**Exercise requirements:** A verbatim repeat of the lines below is required, with the pictures removed.

**Source material:**

=== Begin Enclosure ===

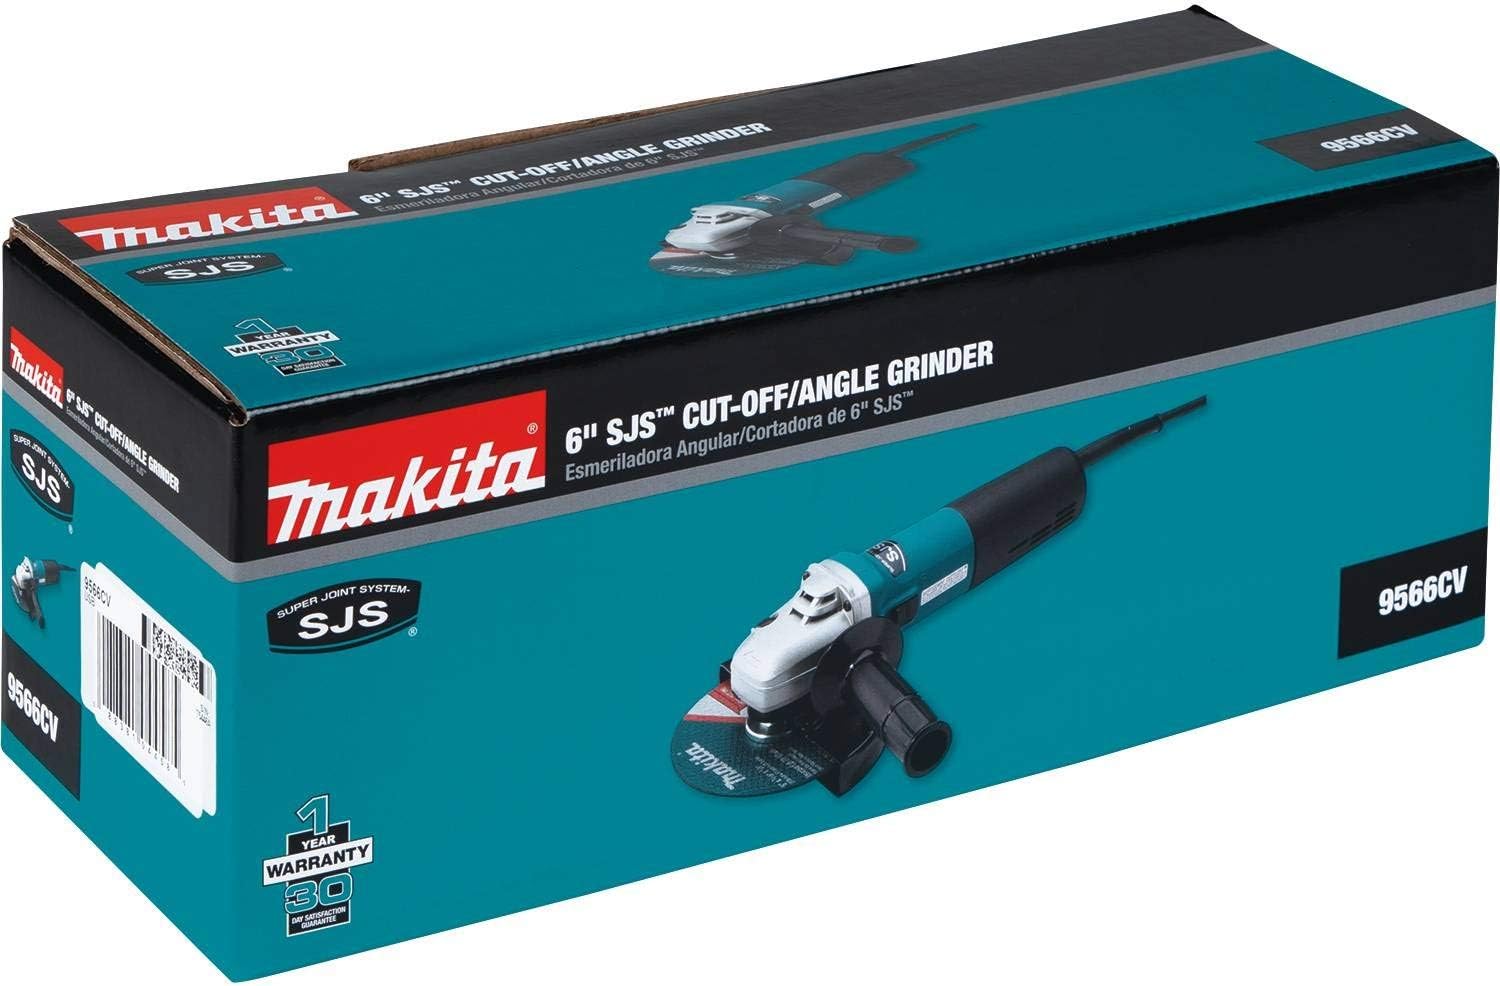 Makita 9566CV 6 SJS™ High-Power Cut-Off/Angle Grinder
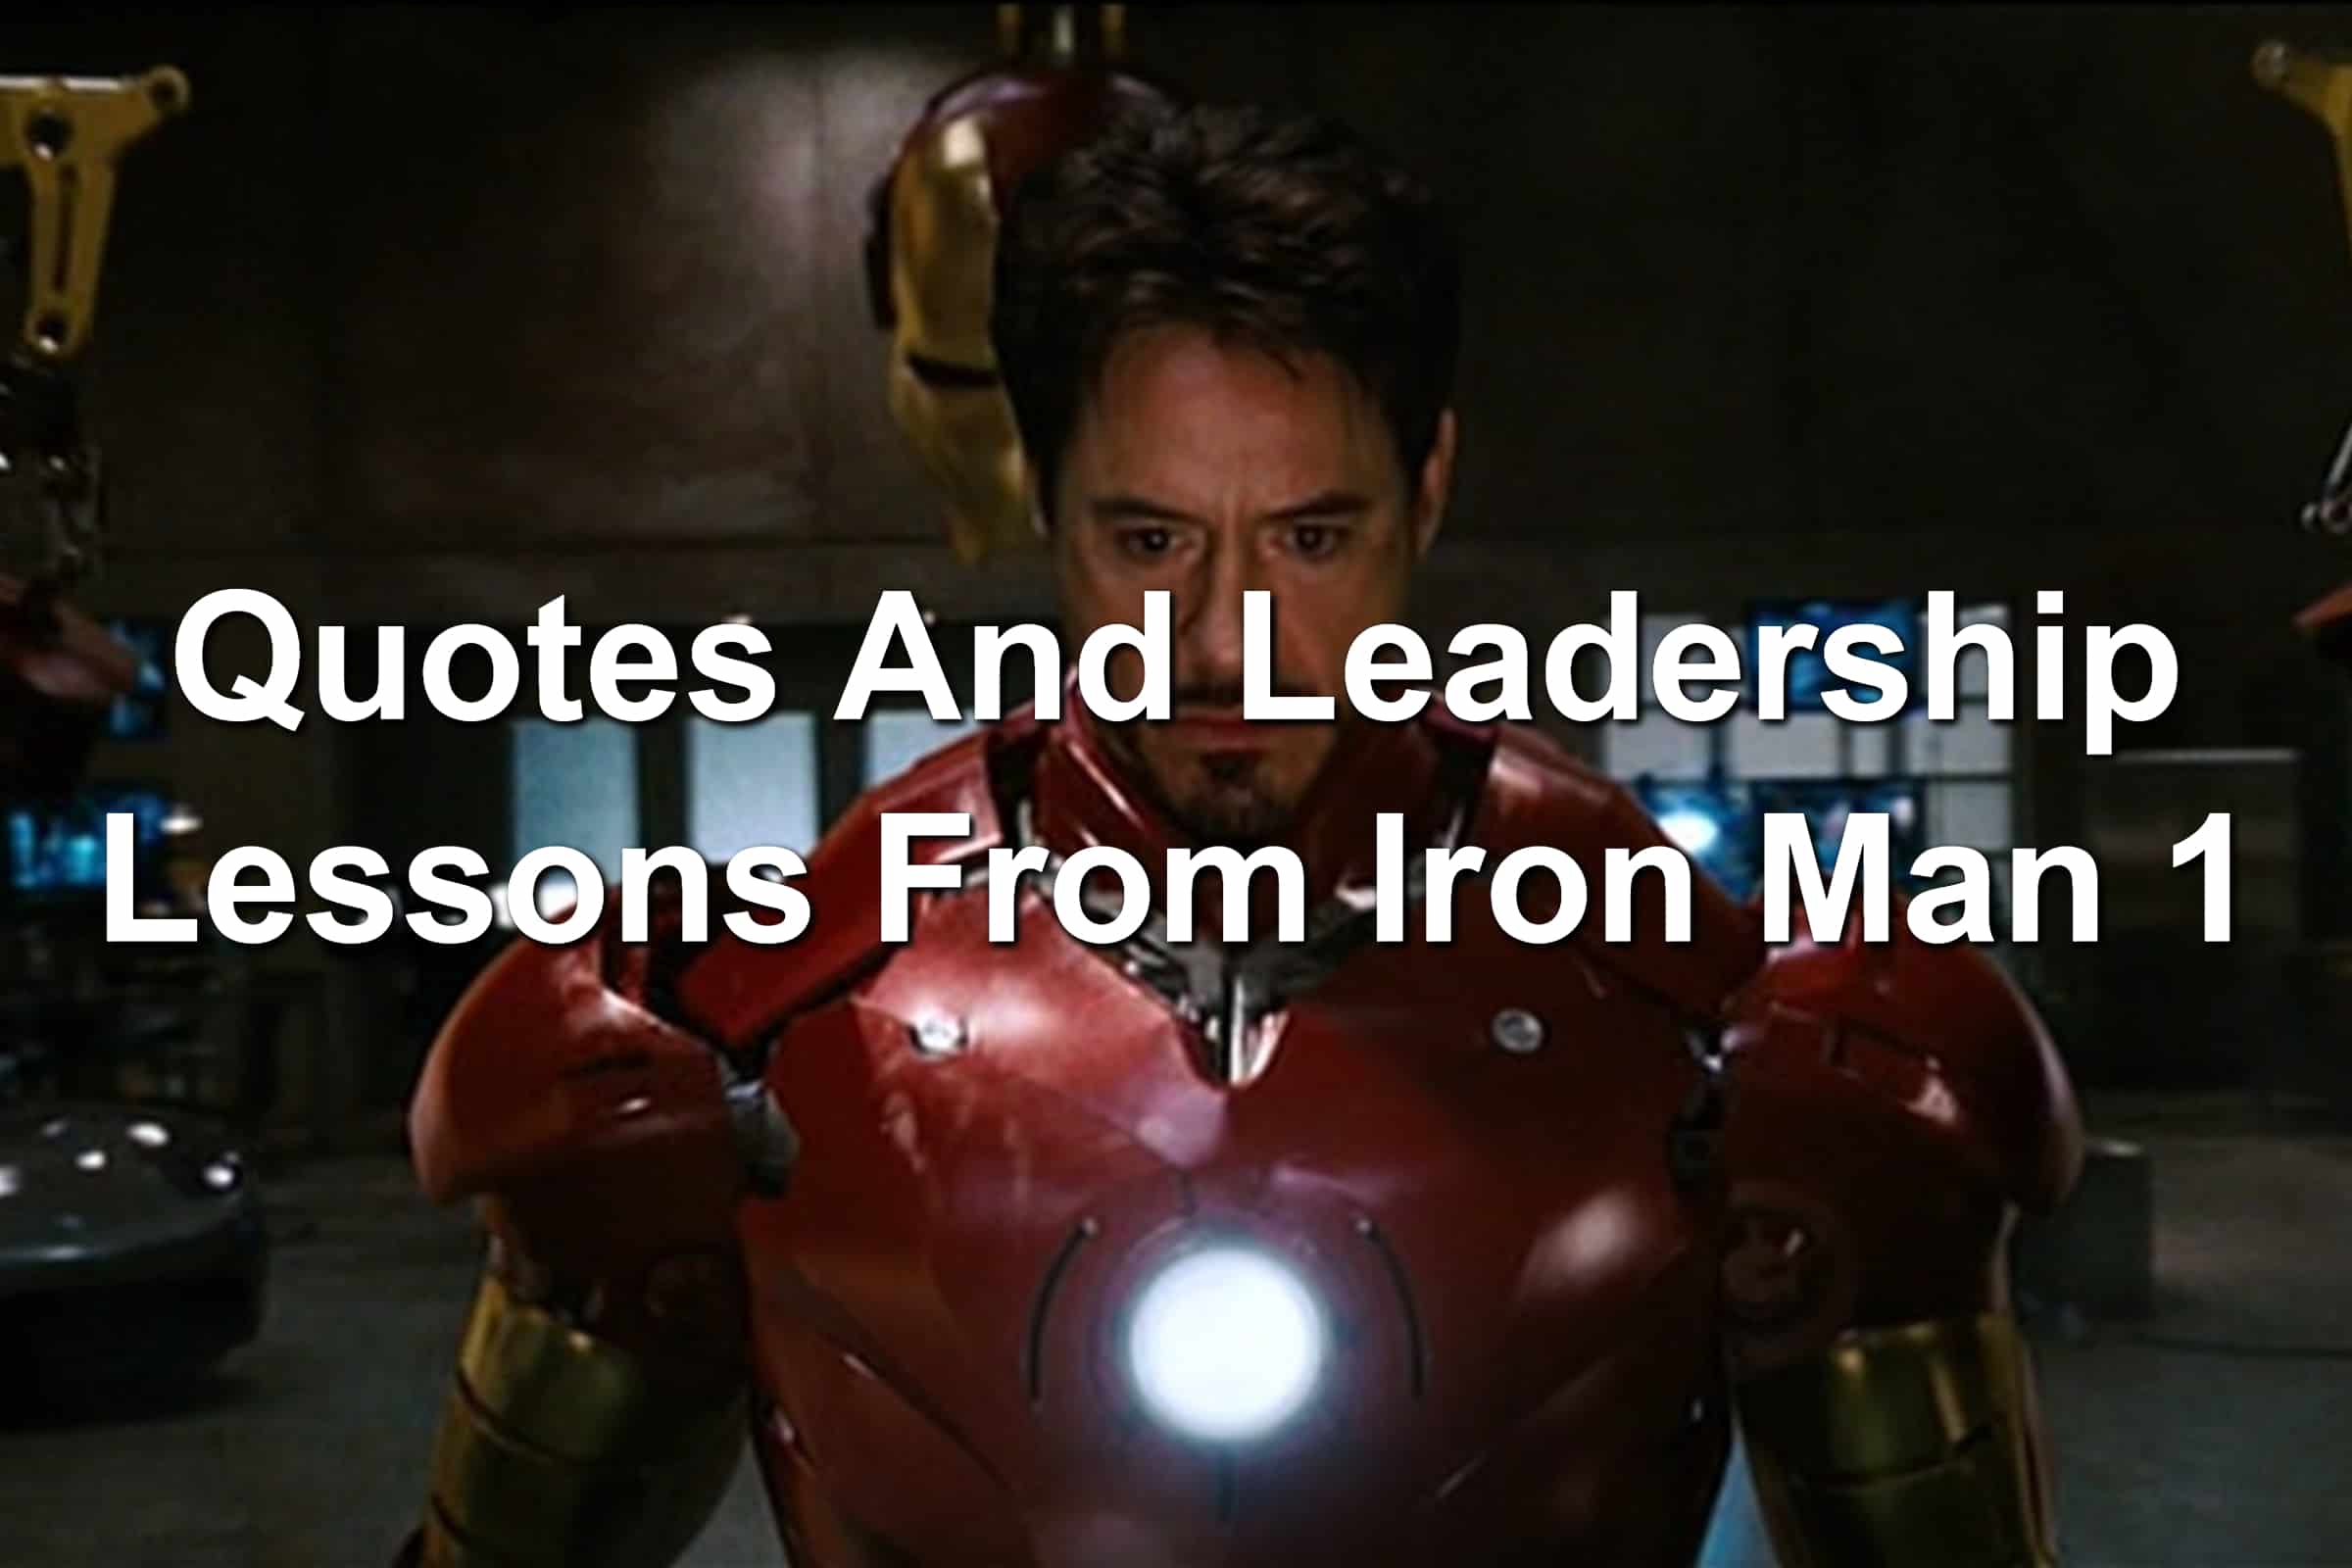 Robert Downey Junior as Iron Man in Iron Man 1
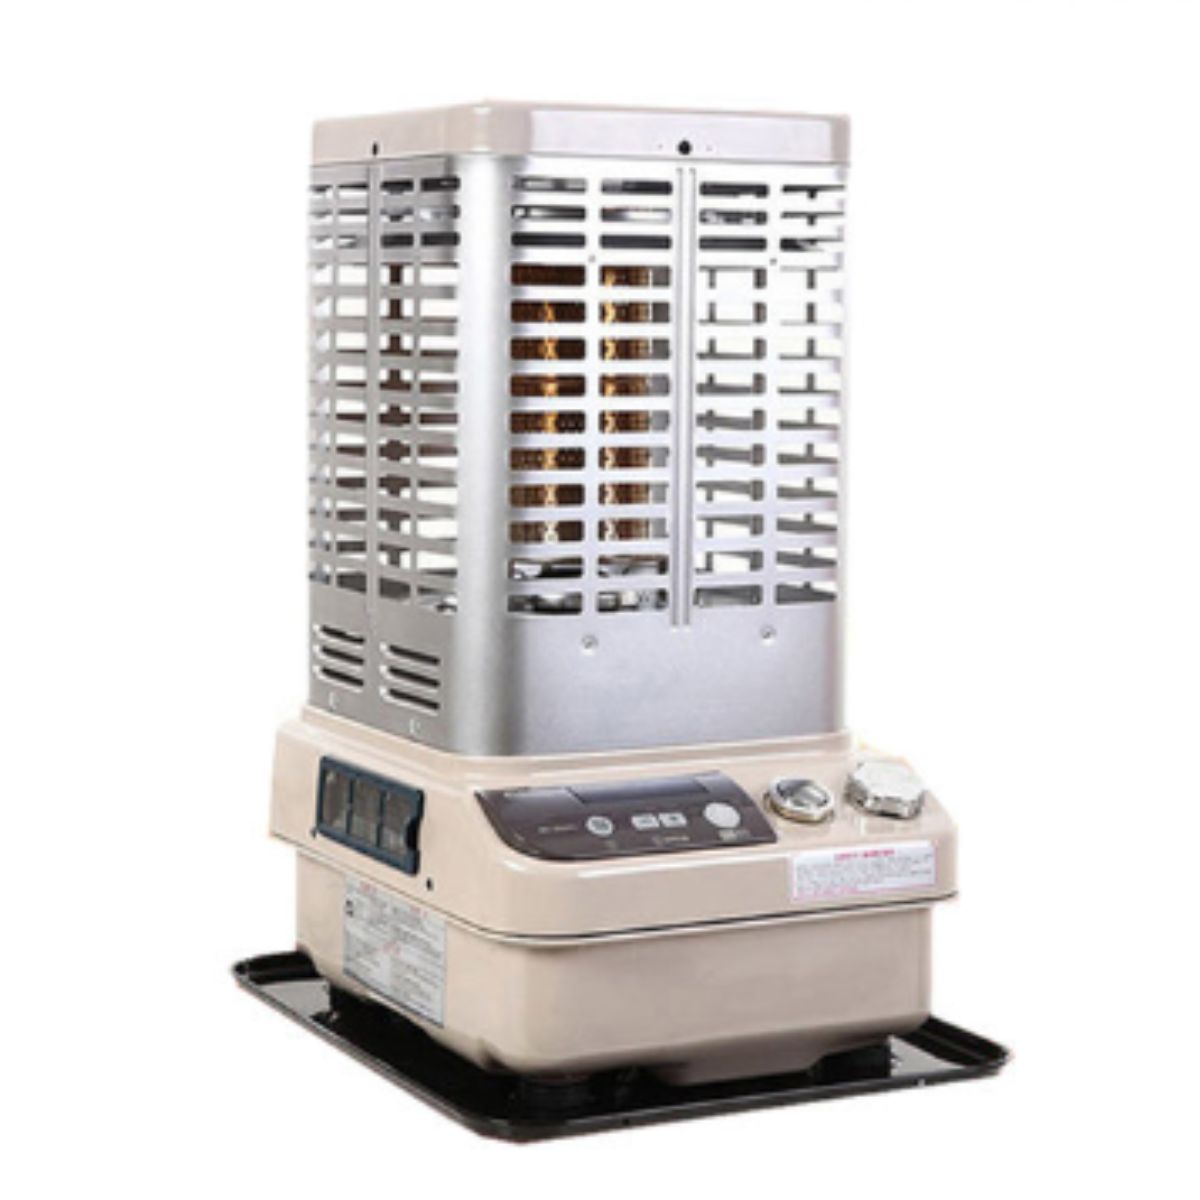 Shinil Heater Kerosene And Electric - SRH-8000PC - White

=== End Enclosure ===

**Answer to the problem:**
 Makita 9566CV 6 SJS™ High-Power Cut-Off/Angle Grinder
 Robert Downey Junior as Iron Man in Iron Man 1
 Shinil Heater Kerosene And Electric - SRH-8000PC - White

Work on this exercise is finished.